What Tracy Chevalier did for Vermeer in Girl With a Pearl Earring, Dara Horn did not do for Chagall in The World to Come and the story is richer for it. What I thought would be a fictionalized account of the life of Marc Chagall was anything but. He is just a minor character. The story is based on a real art heist that occurred in New York of a Chagall piece but Dara Horn’s version weaves family, politics, Jewish folklore, history, love and death in one big tapestry that reaches Russia, New Jersey, Vietnam and Paradise. We end up caring more about the thief than the artist.
The characters tell old Yiddish stories that they sometimes pass off as their own. The question that threads throughout the novel: is rescuing an old Yiddish folk tale headed for oblivion plagiarism? Or a heroic act of cultural CPR? My vote’s in and I’m glad the patient survived.

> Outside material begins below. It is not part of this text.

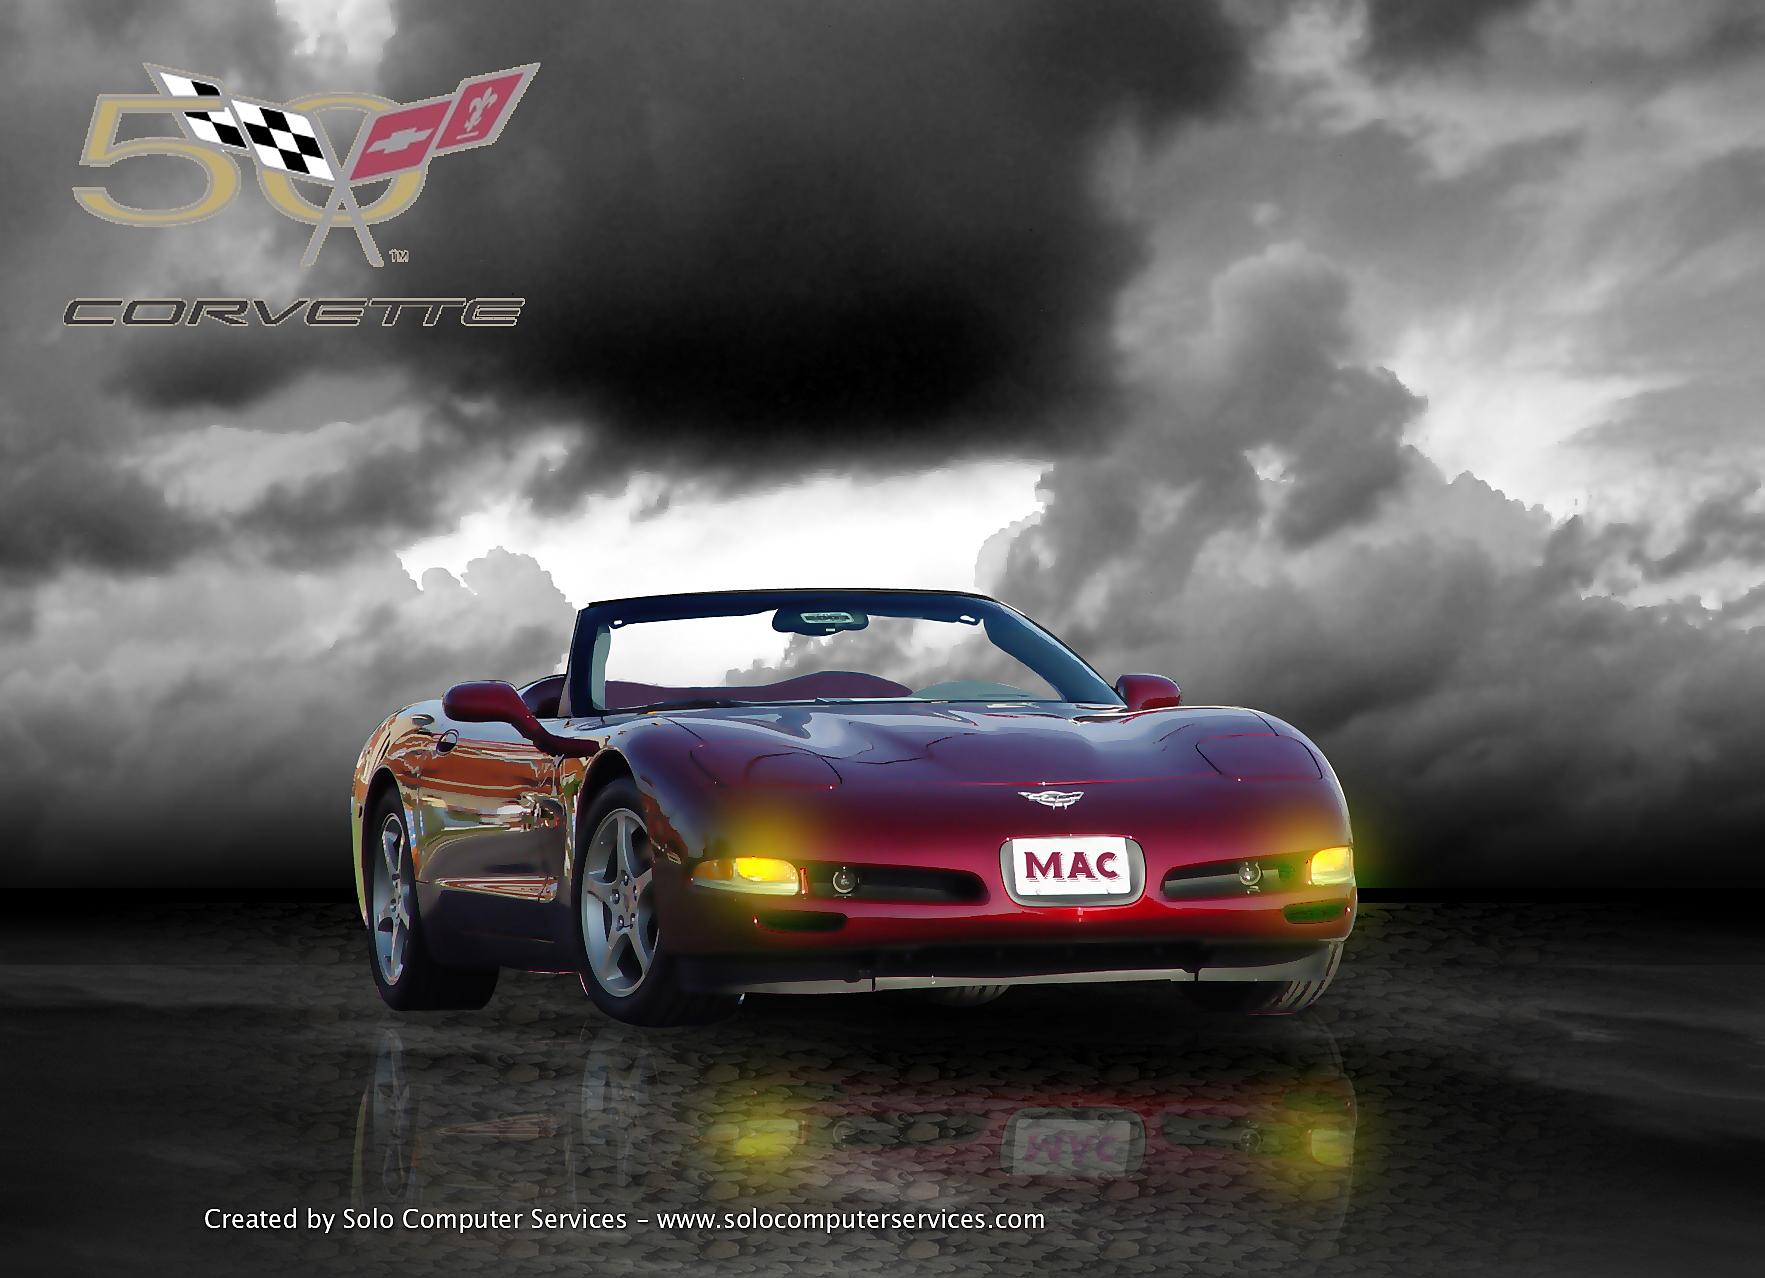 Corvette desktop wallpaper wallpapersafari - Corvette wallpaper ...

This book was the selection for “One Book, One People” by the Board of Rabbis of Southern California in 2008 and synagogues all over the country held book discussions to learn how The World to Come is used in the Torah. Judaic scholars have written volumes; Dara Horn wove it into her novel and left enough open ends that there is still plenty to think about. Her most colorful example describes the life of the not-yets (prenatal babies) being mentored in Paradise by family members from generations past. Brave but regretful grandfathers encourage you not to wait when something really matters. Literate and artistic grandmothers introduce you to the arts of all kinds and tell you to taste it all. While we forget these lessons as soon as we’re born, we carry the imprint of those who care about us: those we’ll never know. Each of us is an act of ancestral plagiarism to be carried into the world to come.